Leave out every picture, then transcribe the rest of the listing exactly.

====== Dataset excerpt ======

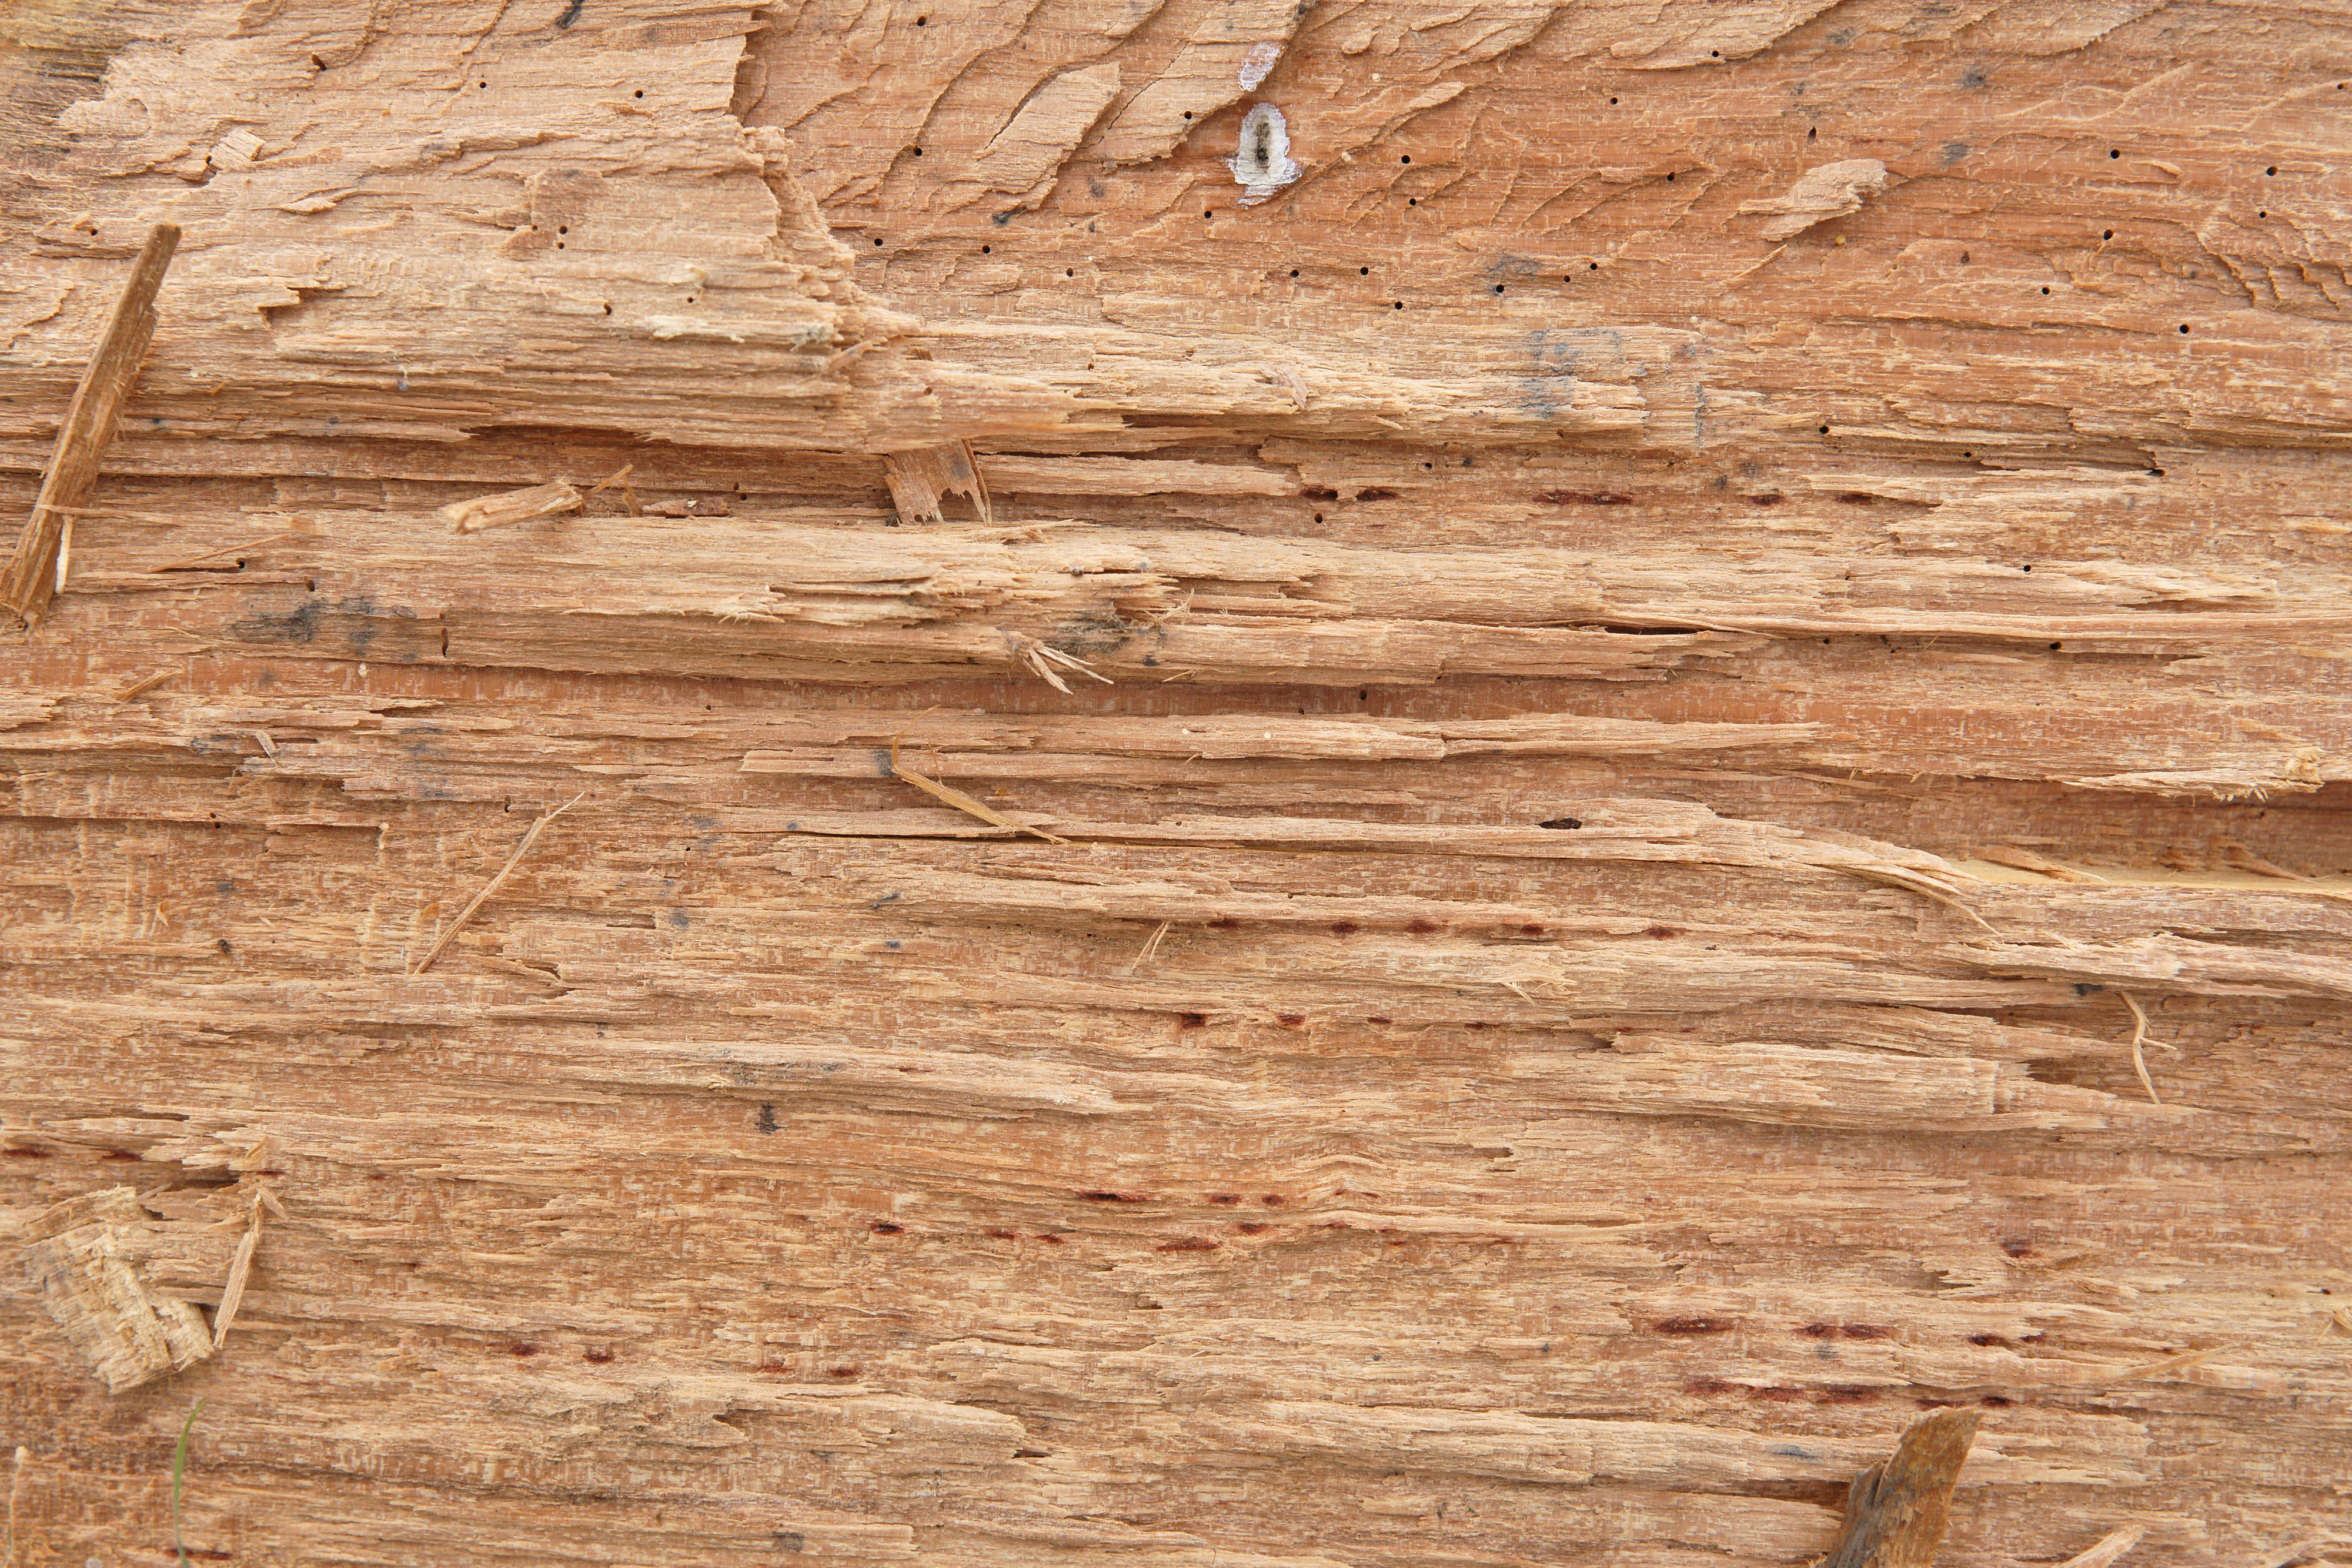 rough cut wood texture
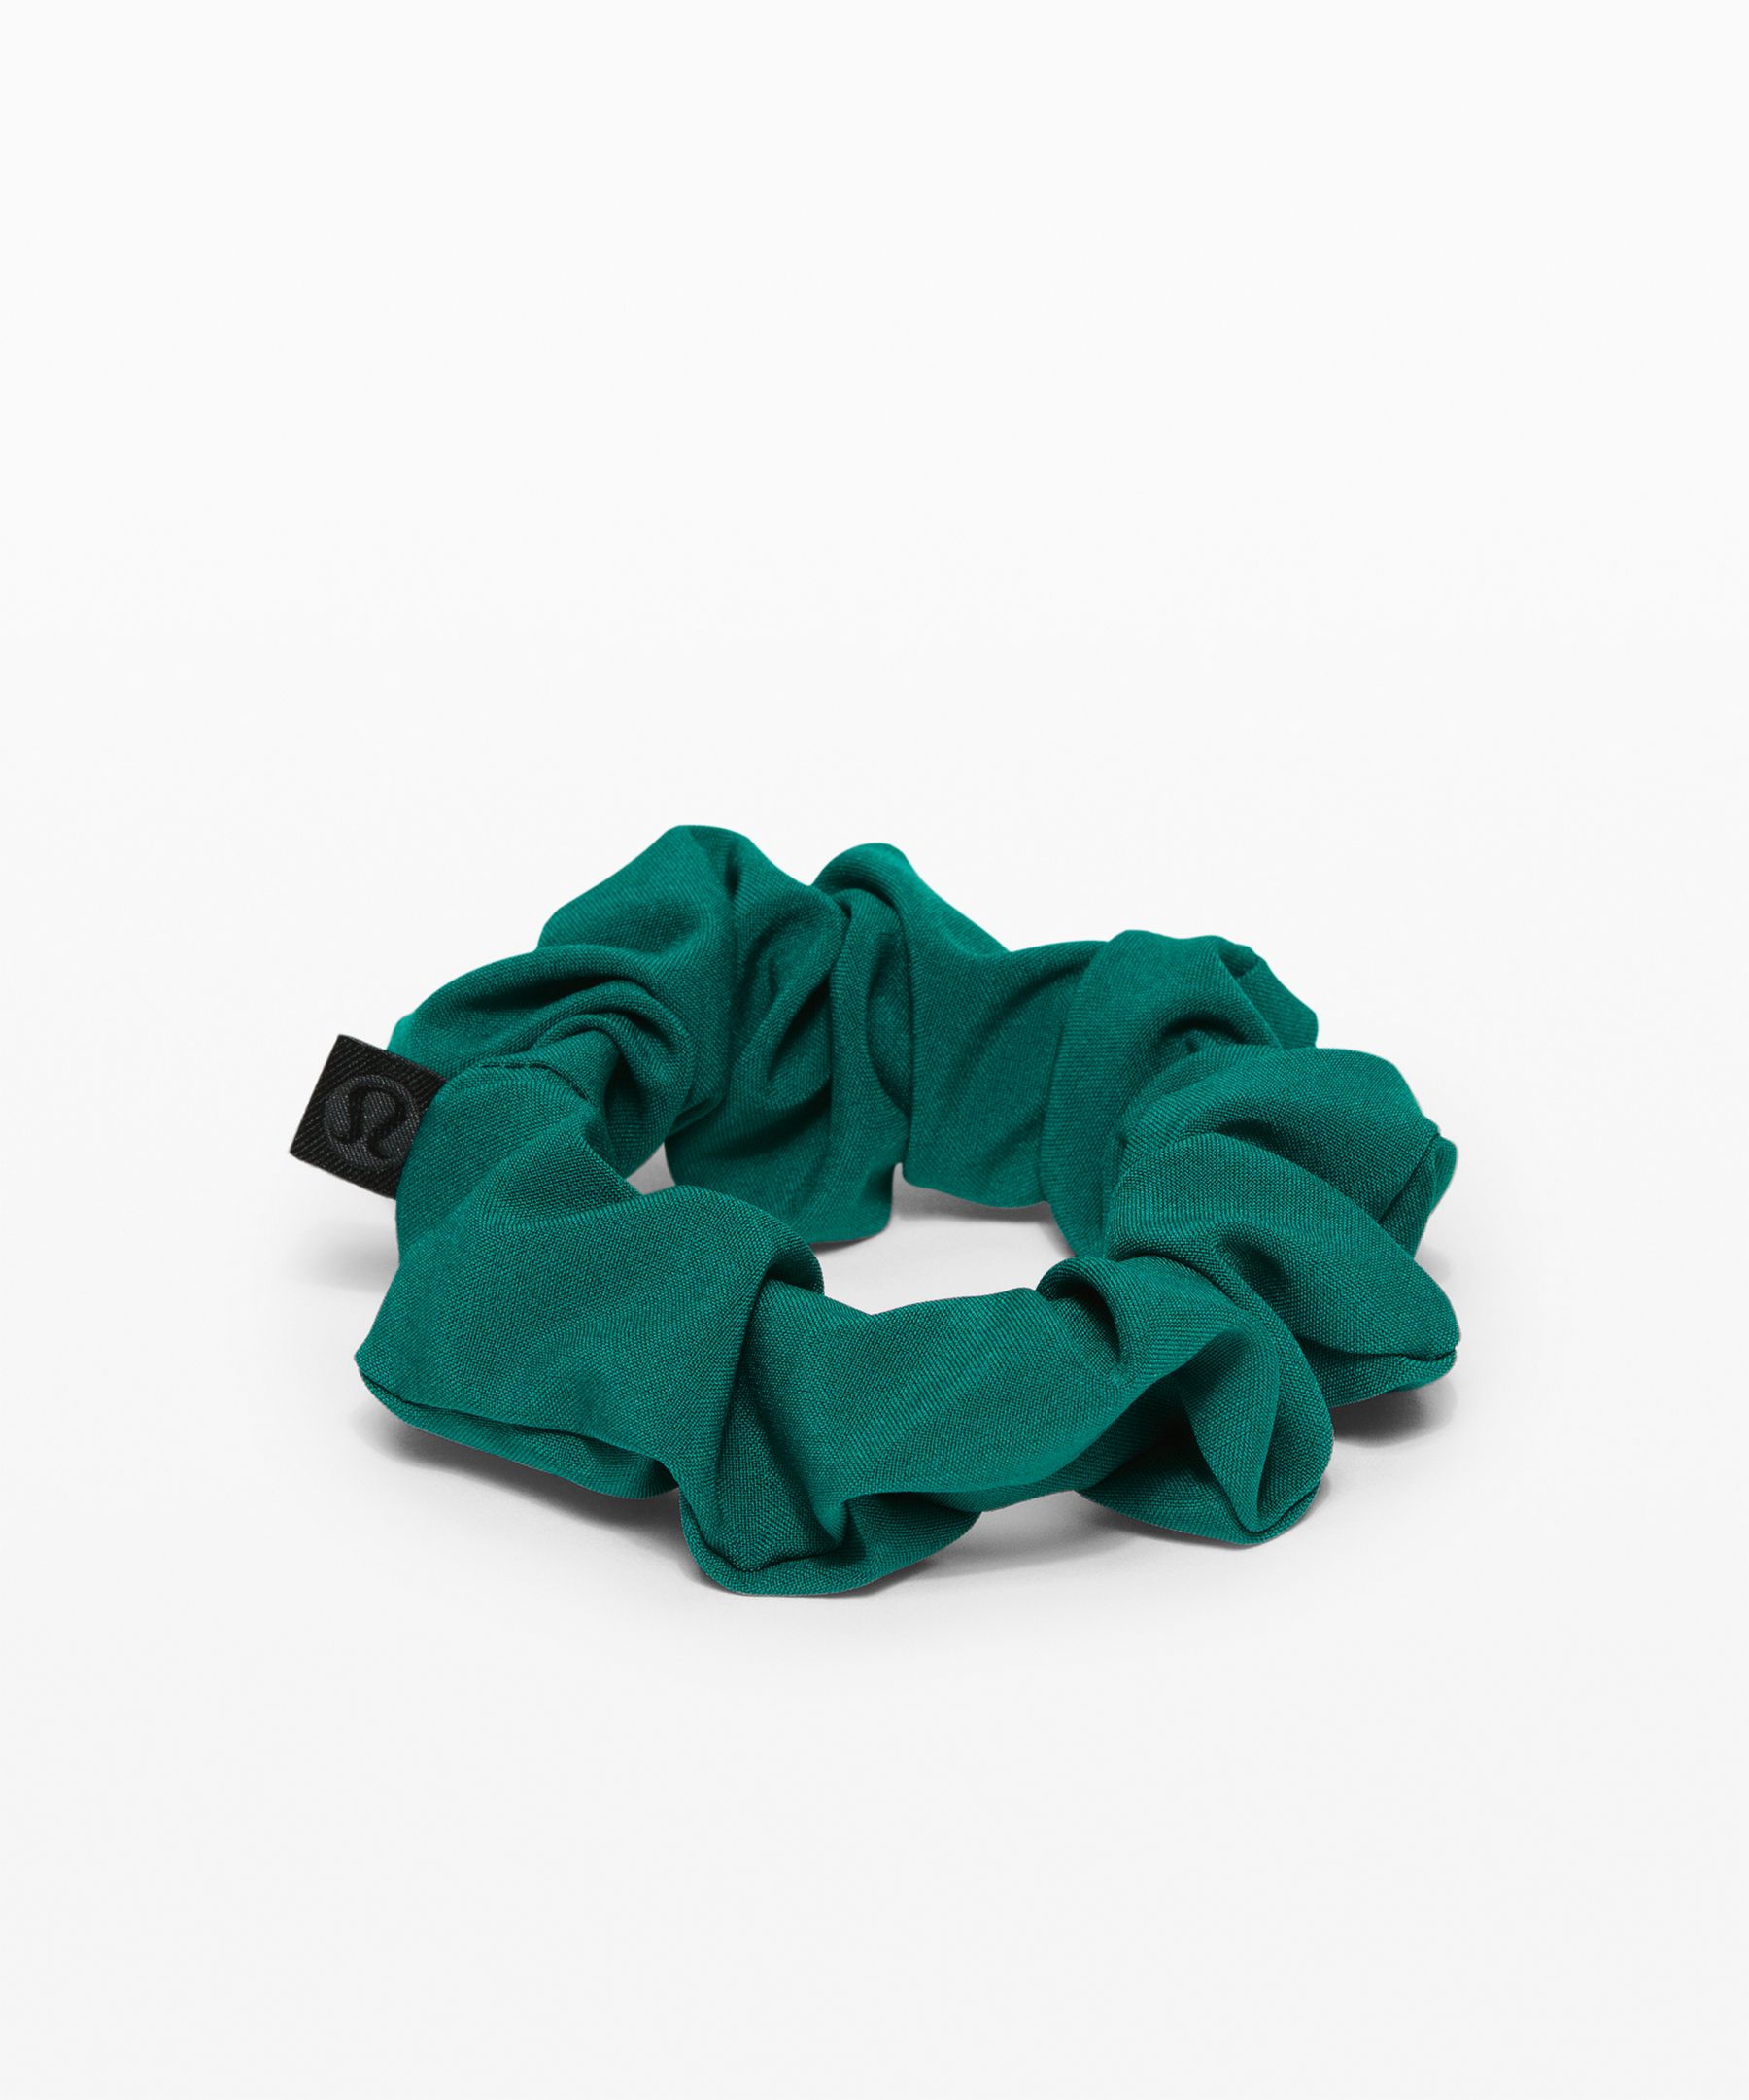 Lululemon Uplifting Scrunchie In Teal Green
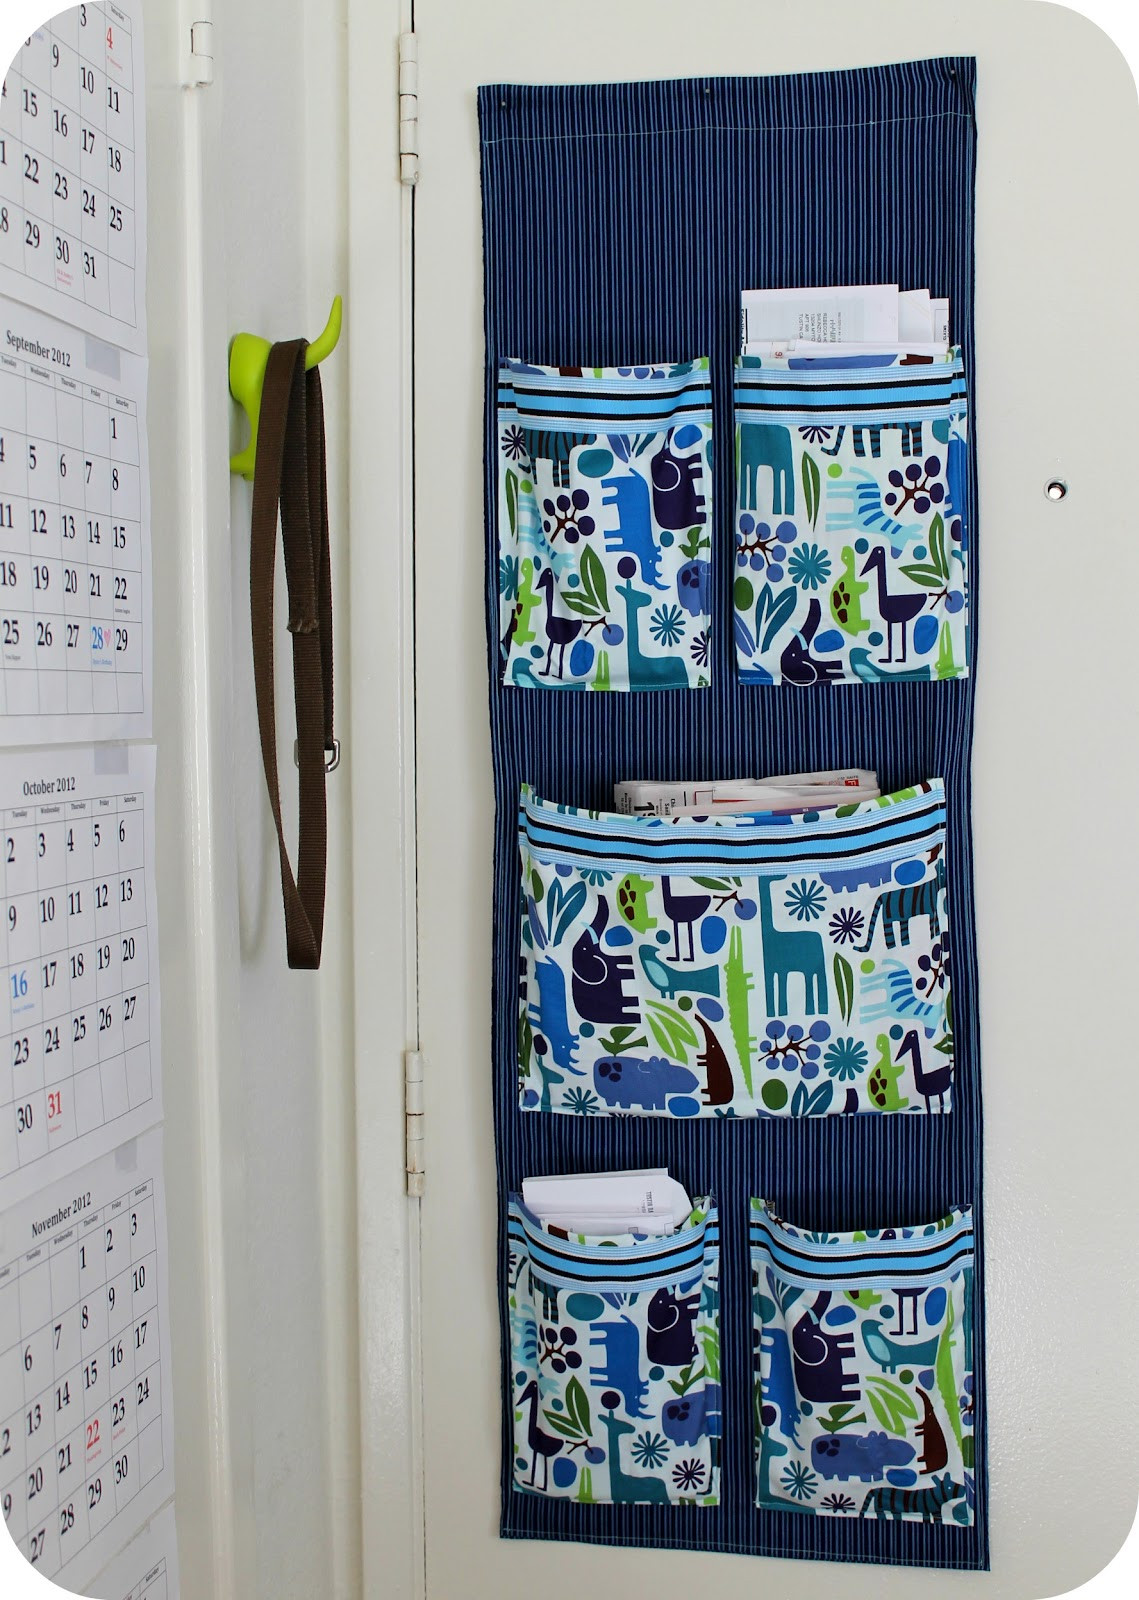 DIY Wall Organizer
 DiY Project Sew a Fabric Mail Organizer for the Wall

======

[Response to the exercise]
 rough cut wood texture
 Lululemon Uplifting Scrunchie In Teal Green
 DIY Wall Organizer
 DiY Project Sew a Fabric Mail Organizer for the Wall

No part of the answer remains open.